Kenyataan boyak pada suatu generasi hanya bisa ditanggulangi oleh generasi yang bersangkutan dengan ketangguhan diri hasil pendidikan yang wajib disediakan oleh generasi pendahulu. Empati terbesar tentu dimiliki oleh yang terlibat.

Anak-anak yang beruntung di segala zaman menikmati pendidikan melalui kesusastraan. Para penutur dongeng, penulis, serta penyanyi lagu ninabobo dari masa ke masa menaruh perhatian besar pada anak-anak. Bahkan, bagi orang dewasa, kesusastraan menyapa lewat naluri kanak-kanak. Sastrawan menulis dan bertutur lewat imajinasi kanak-kanak yang bersemayam dalam jiwa mereka.

Contoh yang klasik adalah Alice in the Wonderland (1865) karya Lewis Carroll yang masyhur. Kisah itu sangat digemari anak-anak di berbagai negeri. Melintasi masa hampir satu setengah abad, kisah petualangan Alice terus diterjemahkan ke dalam banyak bahasa dan direproduksi ke dalam berbagai bentuk, dari prosa ke komik, terus ke film dan sebagainya. Lewis Carroll alias Charles Lutwidge Dodgson adalah seorang ahli matematika dan logika. Fakta ini menegaskan bahwa sastra bagi anak-anak menuntut integritas yang berdisiplin tinggi. Para redaktur majalah anak-anak pastilah memahami hal itu sehubungan dengan cerita-cerita yang mereka terbitkan. Selayaknya, kita pun patut menyadari konteks budaya dan ekonomi dari karya yang diciptakan di suatu tempat pada suatu masa.

Dunia anak-anak dari sudut pandang literer bukan miniatur dunia orang dewasa. Dunia mereka adalah wilayah otonom yang menuntut disiplin logika tersendiri.
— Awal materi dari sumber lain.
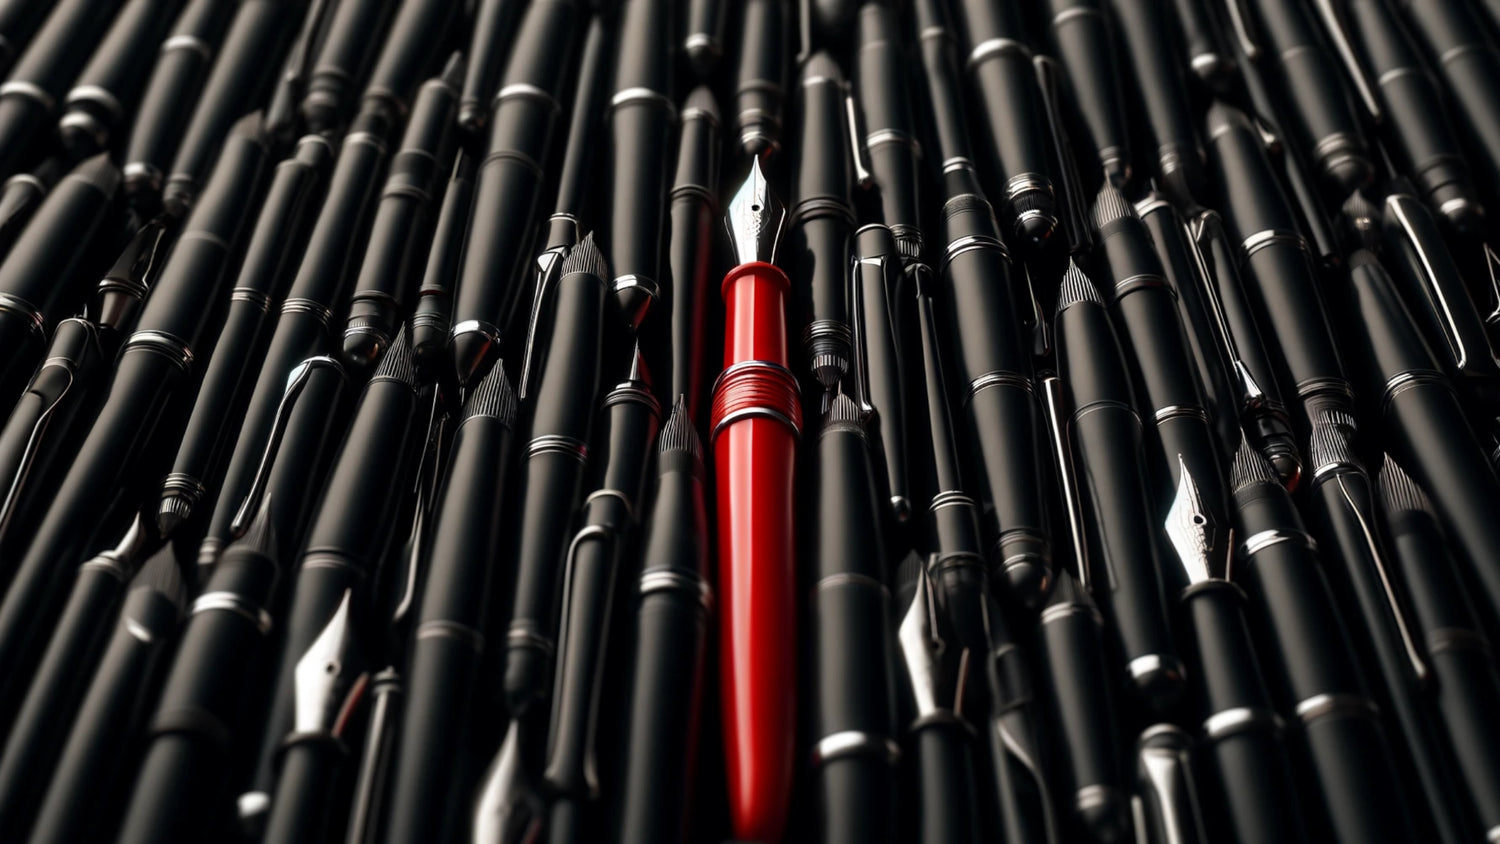 Unique Pens by Pitchman Pens

Wilayah anak-anak bukanlah tempat bagi penulis yang sembrono dan menganggap publiknya sekadar tong sampah tempat segala kebohongan ditumpahkan.

Sebagian penulis kadang-kadang terjerumus pada anggapan bahwa dongeng untuk anak-anak cukup berisi ajaran moral yang sumir: kejahatan dikalahkan kebaikan. Prinsip simpel semacam ini umumnya dianut oleh penulis komersial, yang memandang anak-anak sebagai target pasar semata. Mereka lupa bahwa pengolahan imajinasi adalah aspek yang tak boleh diabaikan, disertai aspek moral khas yang lentur. Keluwesan adalah fondasi penting supaya anak-anak tidak dipukau oleh jarak tak terjembatani antara apa yang mereka baca dan apa yang mereka saksikan di dunia nyata.

Dongeng-dongeng HC Andersen menjadi klasik bahkan bagi pembaca dewasa. Kisah-kisahnya tak sekadar menyajikan moral kebaikan dan ketabahan, tetapi juga keindahan yang menyentuh hati. Setelah menempuh perjuangan disertai kejujuran dan ketabahan, kisah ditutup dengan pola yang masyhur dan kita hafal: ”Mereka pun selanjutnya hidup bahagia selama-lamanya.” Dongeng-dongeng Andersen atau Jacob Grimm membuat masa kanak-kanak berjuta-juta orang terasa indah dalam kenangan. Pola cerita yang mereka terapkan tetap berlaku hingga sekarang. JK Rowling dan JRR Tolkien bertolak dari sistem moral yang baku dalam karya-karya mereka yang sukses besar secara komersial dan boleh dibilang menjadi dongeng abad ini. Tokoh baik mengalahkan tokoh jahat. Betapapun angker dan perkasa si tokoh jahat, ia pasti lebih lemah di hadapan tokoh baik. Kita tunggu, setangguh apa Harry Potter dan The Lords of the Ring menghadapi ujian waktu.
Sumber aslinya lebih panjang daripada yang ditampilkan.